Now it’s looking at a form that matches an empty string. It can say,
“yup, that matches,” and advance its position *without* getting the next
token.

  second: a, (), ^b, c .

Now it gets the next token. If it gets a “b”, that’ll match and it can
continue. If the next token isn’t a “b”, then it can’t be looking at a
“second”.

What about this rule:

  third: ^a, [aeiou], b, c .

If the current input token is an “a”, the parser says “yup, that
matches”, and advances its position:

  third: a, ^[aeiou], b, c .

Now it gets the next token. If it gets one of the common English
language vowels, that’ll match and it can continue. If the next token
is an “x”, then it can’t be looking at a “third”.

What about this rule:

  fourth: ^a, [], b, c .

If the current input token is an “a”, the parser says “yup, that
matches”, and advances its position:

  fourth: a, ^[], b, c .

Now it gets the next token. If the next token is a character that is a
member of the set that contains no characters, that’ll match. That’s
also a logical impossibility. That will *never* match.

For completeness:

  fifth: ^a, []?, b, c .

One way to look at that is to say that it encodes two different, equally
acceptable rules for “fifth”:

  fifth: ^a, [], b, c .
  fifth: ^a, (), b, c .

(If something is optional then logically it can be replaced by a thing
that matches nothing.)

The parser can match “fifth” if *either* rule succeeds. (We don’t allow
users to have multiple rules for the same non terminal, but we can
imagine what it might mean if we did.)

The parser advances past “a”, advances past () as before, and goes
merrily along matching “fifth” if it finds a “b” and a “c” next.

Those two different things can’t have the same name.

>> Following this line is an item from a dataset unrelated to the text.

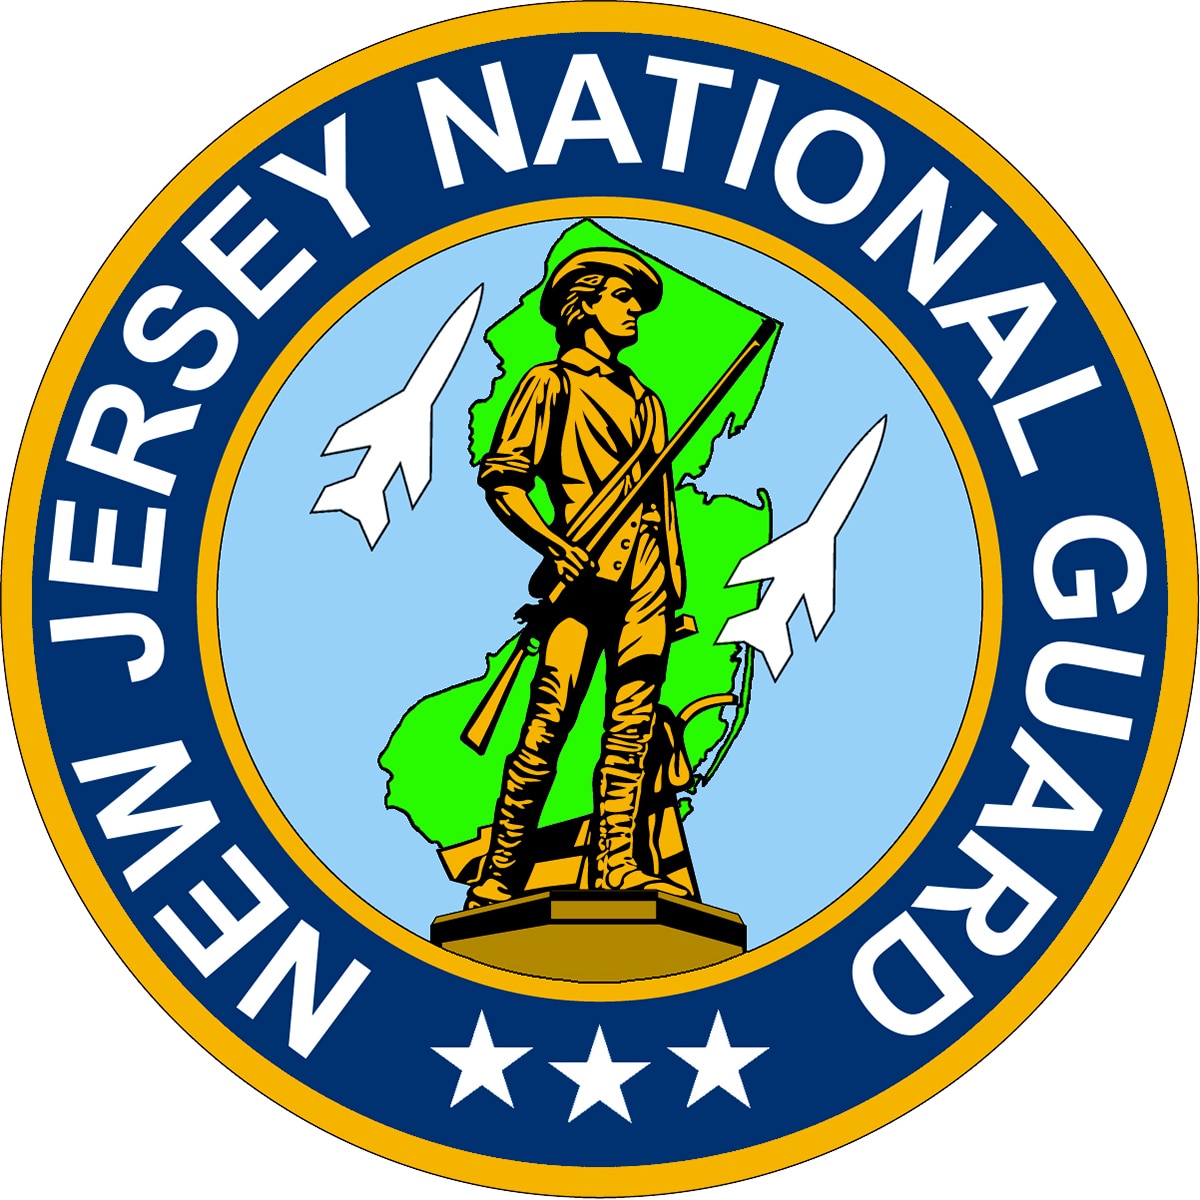 The New Jersey National Guard has been selected as the new state partner for the Republic of Cyprus, the third-largest island in the Eastern Mediterranean Sea. New Jersey is also partners under the State Partnership Program with the Republic of Albania.

You might say that it’s stupid to allow [] since it can’t match anything
and []? because it can only match (), to say nothing of ()? or []* or
()+. But they’re a natual consequence of generality in the language and
they are genuinely useful sometimes, even if those times are somewhat
uncommon.

Hoping that’s helpful.

                                        Be seeing you,
                                          norm

--
Norm Tovey-Walsh
Saxonica

Received on Saturday, 18 December 2021 12:30:13 UTC